KC Diocese releases 1st report from ombudsman


Associated Press

KANSAS CITY, Mo. (AP) — The ombudsman appointed to investigate abuse allegations for the Catholic Diocese of Kansas City-St. Joseph said in a report Thursday that sexual abuse claims have been substantiated against five people, though it didn’t indicate whether those individuals were clergy, employees or someone outside the diocese.

Diocese ombudsman Jenifer Valenti said in the report that her office received 79 allegations of sexual abuse or inappropriate behavior, but nearly half involved people outside the diocese such as a school official calling to report the possible abuse of a student.

Since those cases were outside her jurisdiction, they were referred to civil authorities, administrative staff and caseworkers, according to the report. But the report didn’t clarify who those authorities or agencies were.

Valenti, a former Jackson County assistant prosecutor, didn’t return phone messages and an email Thursday seeking clarification on aspects of the report.

The two-page report covered allegations levied between July 2011 and June 2012. Overall, 20 cases involved accusations against clergy, 17 involved diocese employees, 11 involved family members, seven were about volunteers, five were about religious orders and 12 involved unknown people. Two allegations are still being investigated.

But the report contains scant information about the allegations beyond how many the office fielded, what type were received and how the office addressed the allegations. It said five people were removed from “Public Ministry, Employment or Volunteer Service” for substantiated claims — and three of those people were dead. No names or information about those five, including their roles within the diocese, were revealed.

The report also said two people were suspended from public ministry, one for a report of sexual abuse and one for a report of “boundary violation,” which Valenti said could involve such things as “sitting too close to a child, seeking time alone with a particular child, or giving gifts or special favors.”

Allegations of sexual abuse that include “specific information about the accused and relevant facts” are referred to police and other authorities if the case involved a minor, the report said.

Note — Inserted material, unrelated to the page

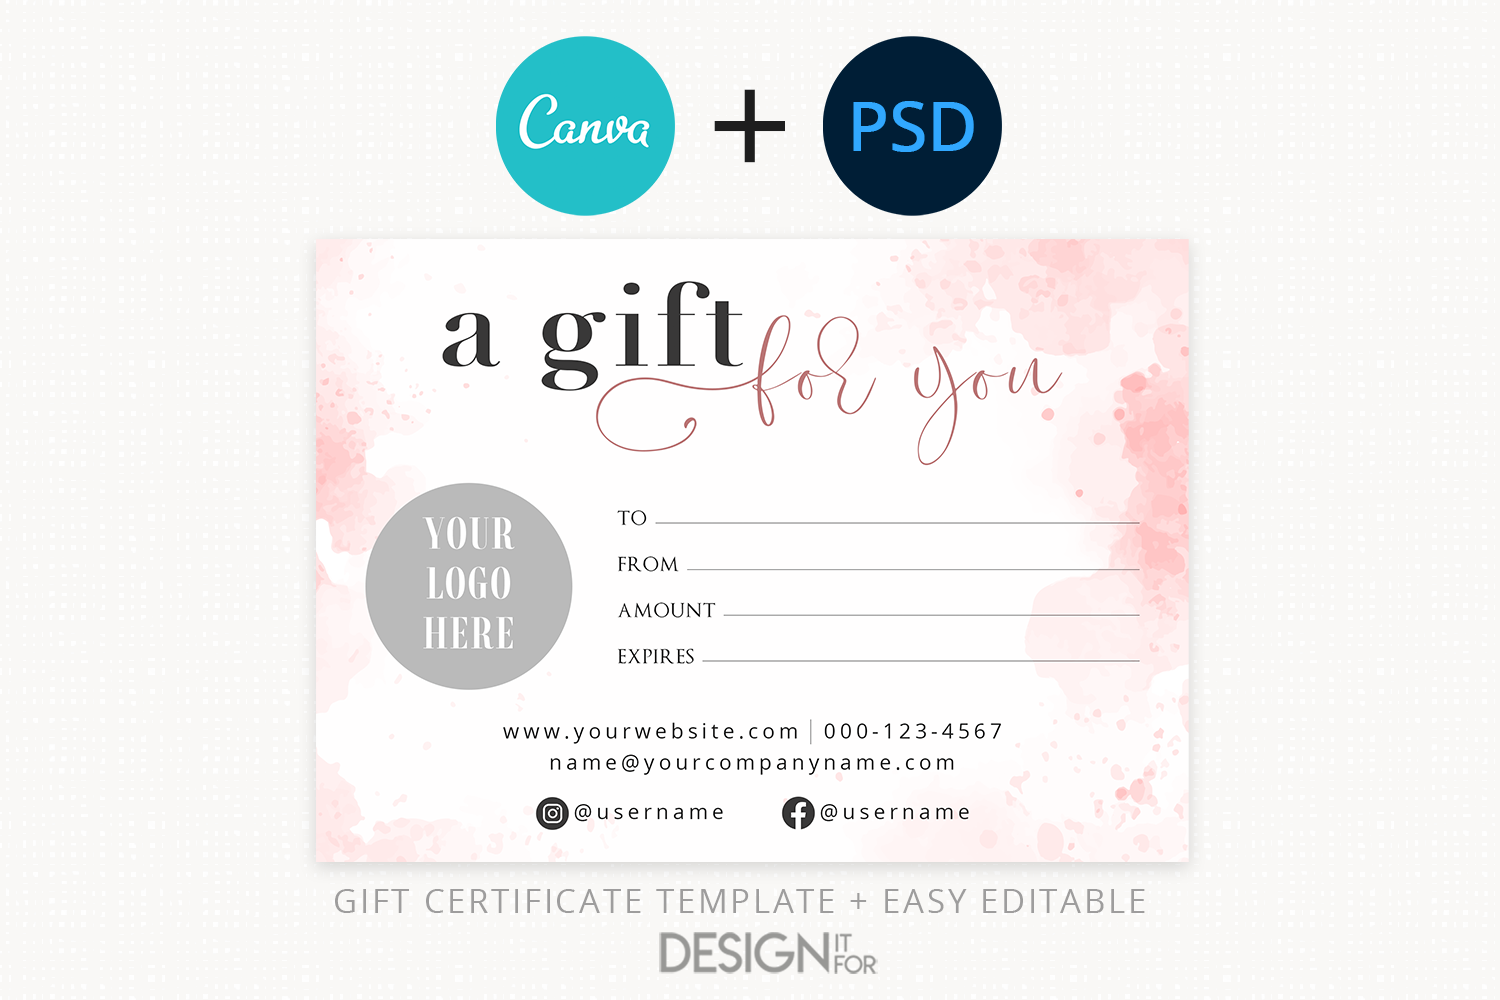 Pink Gift Certificate Template, Editable Gift Certificate Template, Canva, PSD, Printable , Social Icons Digital Gift Certificate, 5x7 Gift 1

Two sexual abuse allegation reports were still pending, and two people were cleared of sexual abuse allegations and returned to service. Nine people were cleared of boundary violations.

She was appointed ombudsman last year as the diocese became involved in lawsuits that alleged sexual misconduct by clergy.

The Rev. Shawn Ratigan pleaded guilty last week to federal charges of producing child pornography. His case also led to charges against the Bishop Robert Finn, head of the diocese, for failing to report suspected child abuse. Finn has pleaded not guilty.

In 2008, the diocese agreed to pay 47 people who alleged they were abused by clergy a total of $10 million and promised to train its priests about sexual abuse awareness and to report any suspicions that children were being placed in danger.

Valenti said in the two-page report that she “promised to honor the trust you have placed in me by being open and honest about my work.”

However, Barbara Dorris, outreach director for the Survivors Network of those Abused by Priests, said she would have liked to have seen much more information in Valenti’s report, which she characterized as “totally unclear.”

“We don’t know what’s going on. We don’t know where these people are, and we don’t know what they did,” she said. “We don’t know if the kids are safe.”

“If the goal of this is to reach out... and protect children, then she’s failed miserably,” Dorris added.